Data items
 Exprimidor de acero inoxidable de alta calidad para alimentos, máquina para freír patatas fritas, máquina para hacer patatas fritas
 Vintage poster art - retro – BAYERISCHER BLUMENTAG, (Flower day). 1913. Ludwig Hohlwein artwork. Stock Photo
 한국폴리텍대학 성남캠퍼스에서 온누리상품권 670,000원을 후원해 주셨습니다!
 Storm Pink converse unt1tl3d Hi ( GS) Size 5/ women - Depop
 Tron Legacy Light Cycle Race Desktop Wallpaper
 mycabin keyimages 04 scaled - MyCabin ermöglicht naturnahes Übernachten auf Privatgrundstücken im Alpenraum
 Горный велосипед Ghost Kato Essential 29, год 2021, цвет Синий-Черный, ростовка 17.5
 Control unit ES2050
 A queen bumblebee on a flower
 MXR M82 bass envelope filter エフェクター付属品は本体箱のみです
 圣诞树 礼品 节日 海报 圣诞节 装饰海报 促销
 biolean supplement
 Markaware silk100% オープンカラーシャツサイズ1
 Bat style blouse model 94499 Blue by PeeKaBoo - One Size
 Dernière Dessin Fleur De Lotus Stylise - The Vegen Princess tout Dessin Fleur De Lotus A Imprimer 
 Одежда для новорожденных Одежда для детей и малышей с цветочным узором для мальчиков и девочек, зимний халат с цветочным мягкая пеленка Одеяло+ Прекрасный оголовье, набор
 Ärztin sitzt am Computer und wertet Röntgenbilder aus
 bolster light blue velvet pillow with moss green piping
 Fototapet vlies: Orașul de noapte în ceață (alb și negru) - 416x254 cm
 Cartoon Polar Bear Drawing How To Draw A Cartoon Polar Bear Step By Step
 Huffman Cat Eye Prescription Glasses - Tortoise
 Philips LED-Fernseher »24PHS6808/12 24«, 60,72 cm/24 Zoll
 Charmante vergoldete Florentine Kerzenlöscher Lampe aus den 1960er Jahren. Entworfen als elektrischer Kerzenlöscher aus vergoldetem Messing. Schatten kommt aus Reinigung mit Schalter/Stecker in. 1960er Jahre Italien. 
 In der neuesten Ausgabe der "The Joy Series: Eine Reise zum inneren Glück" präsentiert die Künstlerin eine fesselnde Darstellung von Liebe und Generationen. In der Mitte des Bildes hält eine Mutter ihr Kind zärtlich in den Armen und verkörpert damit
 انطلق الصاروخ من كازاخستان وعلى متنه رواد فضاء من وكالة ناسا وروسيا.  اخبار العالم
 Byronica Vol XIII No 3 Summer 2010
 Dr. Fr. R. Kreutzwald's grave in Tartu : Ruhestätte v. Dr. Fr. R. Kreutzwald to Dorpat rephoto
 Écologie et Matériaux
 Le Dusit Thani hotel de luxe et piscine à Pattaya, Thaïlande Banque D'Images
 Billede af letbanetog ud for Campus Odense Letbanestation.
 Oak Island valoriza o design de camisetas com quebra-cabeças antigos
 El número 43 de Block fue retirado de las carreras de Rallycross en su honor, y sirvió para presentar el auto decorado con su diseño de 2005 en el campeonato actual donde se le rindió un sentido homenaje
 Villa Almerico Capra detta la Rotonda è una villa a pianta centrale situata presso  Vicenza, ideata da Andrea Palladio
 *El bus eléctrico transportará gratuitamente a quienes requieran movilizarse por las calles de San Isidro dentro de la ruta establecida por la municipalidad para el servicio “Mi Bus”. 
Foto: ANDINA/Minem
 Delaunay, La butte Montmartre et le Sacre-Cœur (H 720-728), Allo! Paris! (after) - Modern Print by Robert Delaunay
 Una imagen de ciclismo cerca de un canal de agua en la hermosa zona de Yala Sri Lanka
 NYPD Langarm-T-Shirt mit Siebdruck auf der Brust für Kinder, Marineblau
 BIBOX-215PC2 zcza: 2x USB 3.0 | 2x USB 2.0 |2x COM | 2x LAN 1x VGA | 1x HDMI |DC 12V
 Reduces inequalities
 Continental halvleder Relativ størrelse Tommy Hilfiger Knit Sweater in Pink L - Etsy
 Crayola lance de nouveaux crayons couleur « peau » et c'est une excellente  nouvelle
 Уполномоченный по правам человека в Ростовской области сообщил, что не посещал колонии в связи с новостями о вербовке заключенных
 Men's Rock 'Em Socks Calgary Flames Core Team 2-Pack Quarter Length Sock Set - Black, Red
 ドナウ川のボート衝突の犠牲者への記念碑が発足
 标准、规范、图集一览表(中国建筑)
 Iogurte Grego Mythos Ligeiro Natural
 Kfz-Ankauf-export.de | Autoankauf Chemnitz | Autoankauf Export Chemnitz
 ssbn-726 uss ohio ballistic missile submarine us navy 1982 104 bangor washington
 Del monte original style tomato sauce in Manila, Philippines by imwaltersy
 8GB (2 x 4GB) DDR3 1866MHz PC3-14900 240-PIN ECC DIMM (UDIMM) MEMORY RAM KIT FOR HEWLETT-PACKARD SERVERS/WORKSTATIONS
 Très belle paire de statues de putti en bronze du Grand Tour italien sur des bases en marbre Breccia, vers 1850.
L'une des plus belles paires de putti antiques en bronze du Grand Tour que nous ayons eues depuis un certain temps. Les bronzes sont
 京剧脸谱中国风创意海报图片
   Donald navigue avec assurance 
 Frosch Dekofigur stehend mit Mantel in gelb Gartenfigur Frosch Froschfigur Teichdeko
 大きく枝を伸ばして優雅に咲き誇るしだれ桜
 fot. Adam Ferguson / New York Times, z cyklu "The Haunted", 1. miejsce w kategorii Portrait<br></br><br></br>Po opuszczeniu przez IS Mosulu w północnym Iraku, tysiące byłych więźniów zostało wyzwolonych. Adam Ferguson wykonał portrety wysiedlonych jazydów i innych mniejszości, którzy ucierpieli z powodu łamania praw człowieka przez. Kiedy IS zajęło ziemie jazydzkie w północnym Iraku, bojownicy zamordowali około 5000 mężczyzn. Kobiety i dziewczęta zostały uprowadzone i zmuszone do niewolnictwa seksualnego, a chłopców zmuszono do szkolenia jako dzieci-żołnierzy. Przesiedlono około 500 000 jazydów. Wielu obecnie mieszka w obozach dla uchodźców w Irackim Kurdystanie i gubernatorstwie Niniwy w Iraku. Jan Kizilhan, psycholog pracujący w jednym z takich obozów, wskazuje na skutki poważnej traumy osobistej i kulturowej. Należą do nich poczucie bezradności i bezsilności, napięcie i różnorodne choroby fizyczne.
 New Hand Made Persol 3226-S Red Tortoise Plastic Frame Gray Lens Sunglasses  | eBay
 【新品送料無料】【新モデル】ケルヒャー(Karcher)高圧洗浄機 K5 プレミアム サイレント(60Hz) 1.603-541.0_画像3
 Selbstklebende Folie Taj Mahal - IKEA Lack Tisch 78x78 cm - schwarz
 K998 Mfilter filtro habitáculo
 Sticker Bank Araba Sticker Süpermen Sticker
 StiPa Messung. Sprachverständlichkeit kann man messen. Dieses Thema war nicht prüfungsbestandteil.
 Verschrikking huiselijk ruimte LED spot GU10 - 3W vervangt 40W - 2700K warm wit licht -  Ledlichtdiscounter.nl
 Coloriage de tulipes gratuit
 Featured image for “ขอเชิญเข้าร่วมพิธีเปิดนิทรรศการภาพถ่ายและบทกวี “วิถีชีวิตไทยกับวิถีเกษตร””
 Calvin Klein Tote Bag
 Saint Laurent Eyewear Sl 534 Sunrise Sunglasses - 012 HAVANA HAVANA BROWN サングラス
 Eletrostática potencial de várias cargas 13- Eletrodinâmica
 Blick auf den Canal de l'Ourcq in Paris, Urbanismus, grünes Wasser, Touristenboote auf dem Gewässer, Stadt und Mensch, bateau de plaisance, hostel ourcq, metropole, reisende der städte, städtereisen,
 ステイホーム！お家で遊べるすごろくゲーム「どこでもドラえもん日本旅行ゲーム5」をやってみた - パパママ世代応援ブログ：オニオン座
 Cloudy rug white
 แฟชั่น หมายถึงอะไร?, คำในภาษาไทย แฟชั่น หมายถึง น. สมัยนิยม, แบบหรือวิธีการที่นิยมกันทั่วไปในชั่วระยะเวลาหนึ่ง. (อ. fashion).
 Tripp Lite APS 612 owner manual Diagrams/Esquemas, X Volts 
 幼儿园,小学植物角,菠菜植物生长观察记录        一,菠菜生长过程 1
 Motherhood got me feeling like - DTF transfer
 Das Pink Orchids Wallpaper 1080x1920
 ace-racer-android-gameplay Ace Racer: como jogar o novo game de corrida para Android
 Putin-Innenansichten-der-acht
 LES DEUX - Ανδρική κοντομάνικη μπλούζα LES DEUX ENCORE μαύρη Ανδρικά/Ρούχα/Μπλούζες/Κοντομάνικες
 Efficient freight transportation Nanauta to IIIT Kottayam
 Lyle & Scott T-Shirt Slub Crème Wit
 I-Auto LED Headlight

> Your objective: Check each line above for the string "Sunglasses" and report how many lines have it, giving only the number.

> Result for this exercise: 2